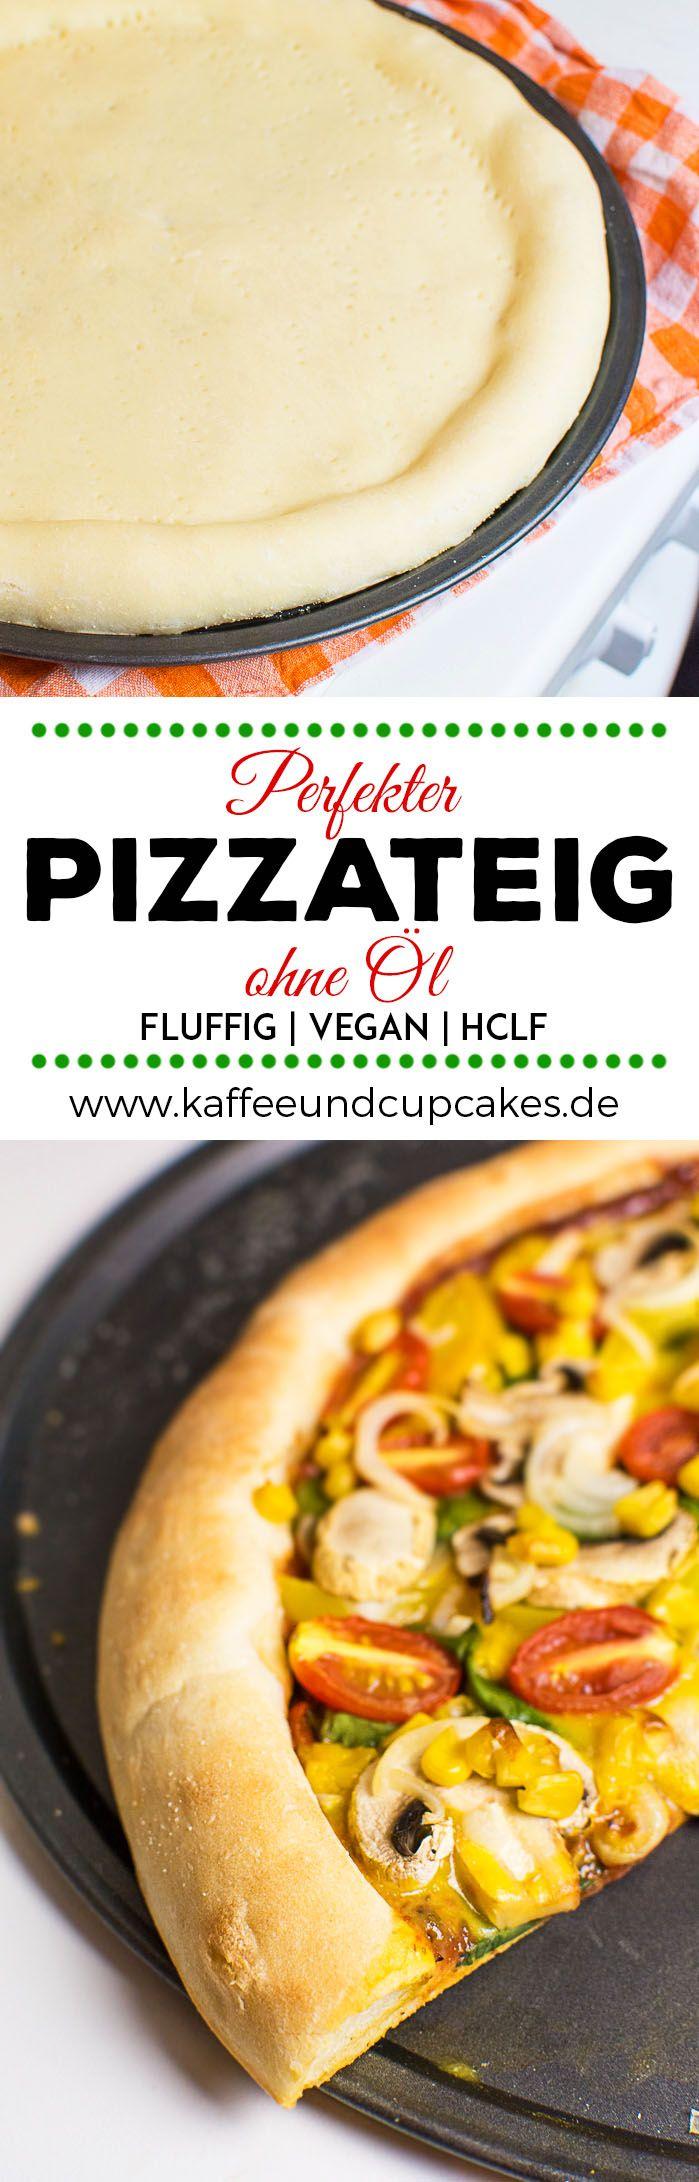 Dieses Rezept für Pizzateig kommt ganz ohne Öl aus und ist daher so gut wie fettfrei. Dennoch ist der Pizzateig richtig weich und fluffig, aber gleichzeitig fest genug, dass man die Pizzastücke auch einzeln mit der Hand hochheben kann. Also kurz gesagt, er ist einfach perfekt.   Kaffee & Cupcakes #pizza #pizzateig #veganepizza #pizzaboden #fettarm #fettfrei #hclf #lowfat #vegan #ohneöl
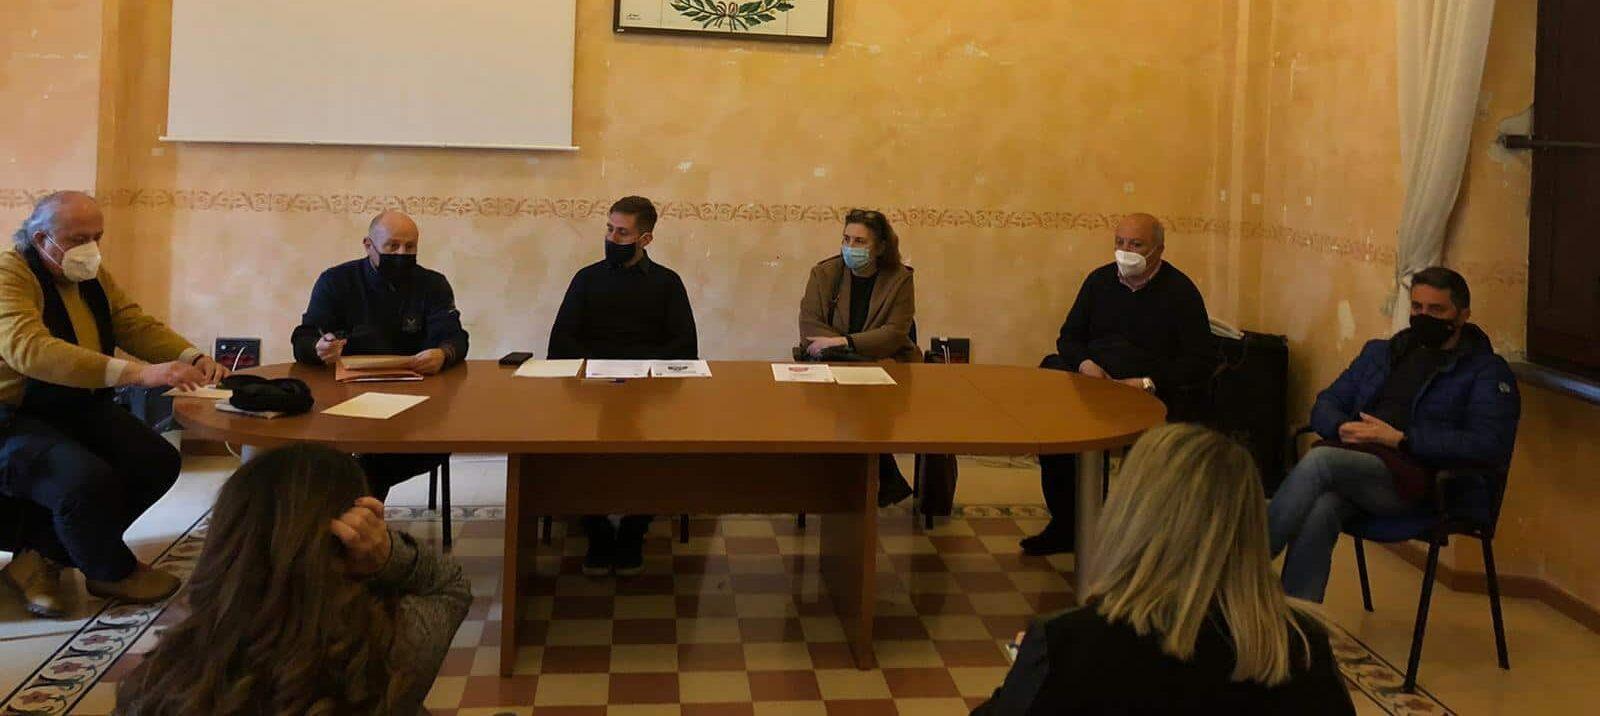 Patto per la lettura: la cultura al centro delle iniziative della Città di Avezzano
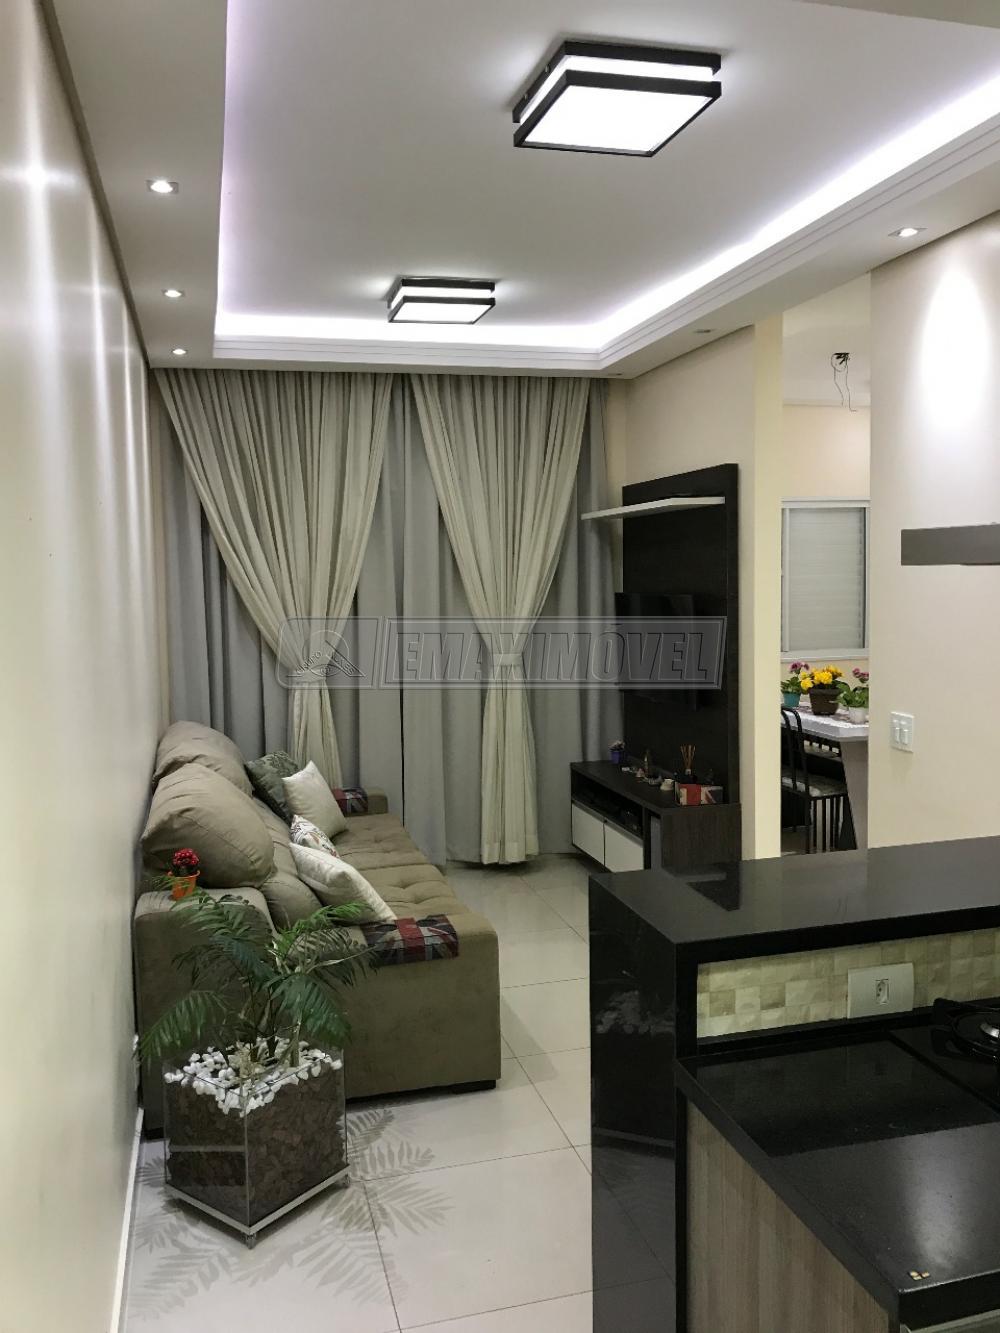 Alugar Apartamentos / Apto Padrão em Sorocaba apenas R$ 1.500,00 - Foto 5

==

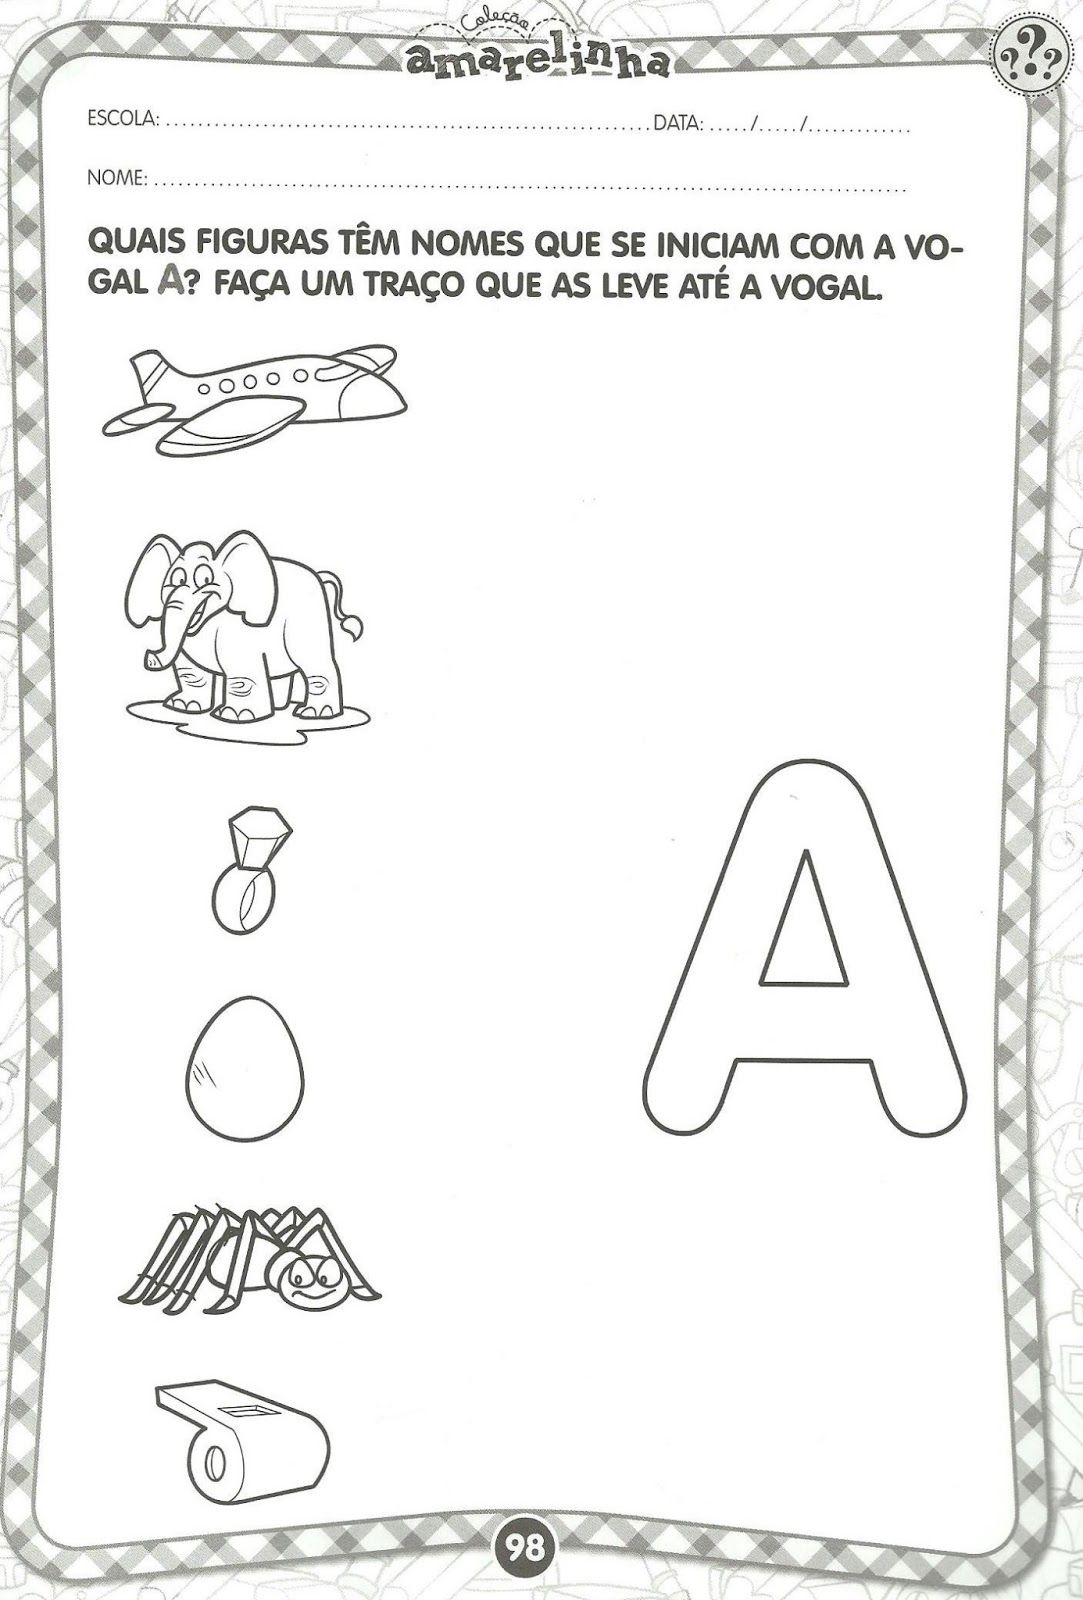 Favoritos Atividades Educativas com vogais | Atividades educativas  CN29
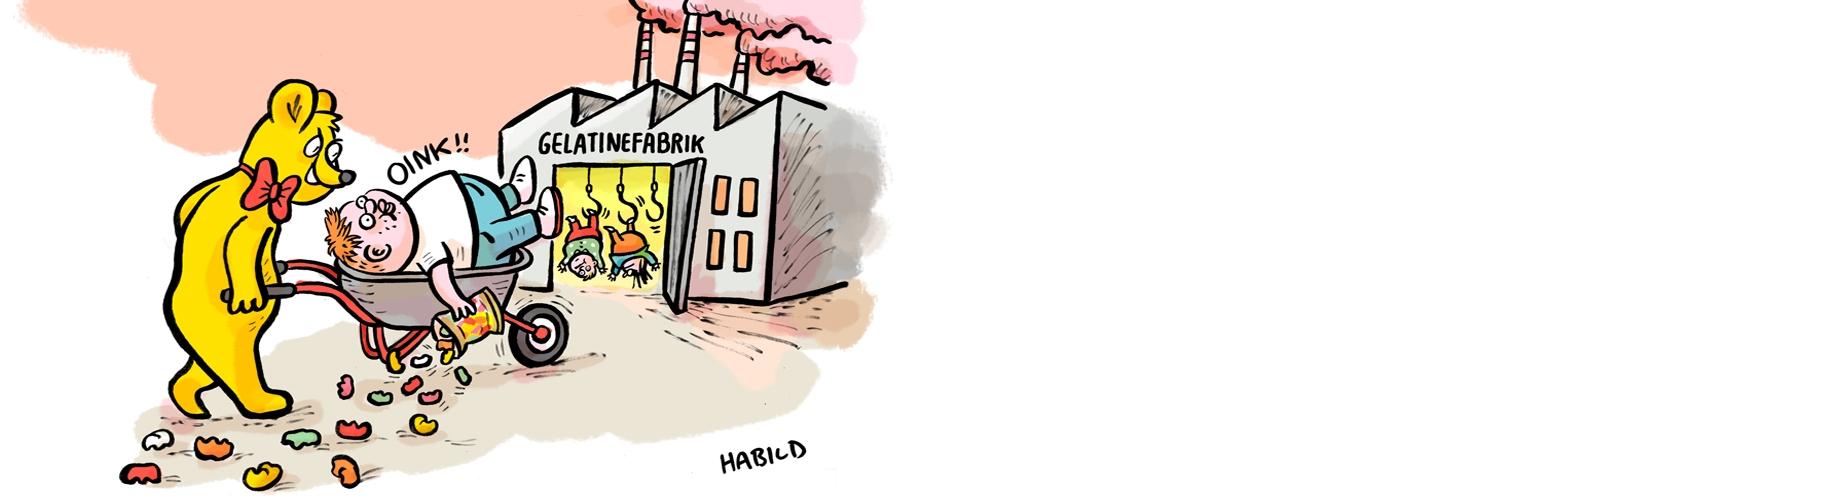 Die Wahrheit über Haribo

EXERCISE DESCRIPTION
Using the material above, reproduce only the lines that run from the line with "Dieses Rezept für" up to and including the line with "Alugar Apartamentos /", exactly, with the pictures dropped.

RESPONSE TO THE EXERCISE
 Dieses Rezept für Pizzateig kommt ganz ohne Öl aus und ist daher so gut wie fettfrei. Dennoch ist der Pizzateig richtig weich und fluffig, aber gleichzeitig fest genug, dass man die Pizzastücke auch einzeln mit der Hand hochheben kann. Also kurz gesagt, er ist einfach perfekt.   Kaffee & Cupcakes #pizza #pizzateig #veganepizza #pizzaboden #fettarm #fettfrei #hclf #lowfat #vegan #ohneöl
 Patto per la lettura: la cultura al centro delle iniziative della Città di Avezzano
 Alugar Apartamentos / Apto Padrão em Sorocaba apenas R$ 1.500,00 - Foto 5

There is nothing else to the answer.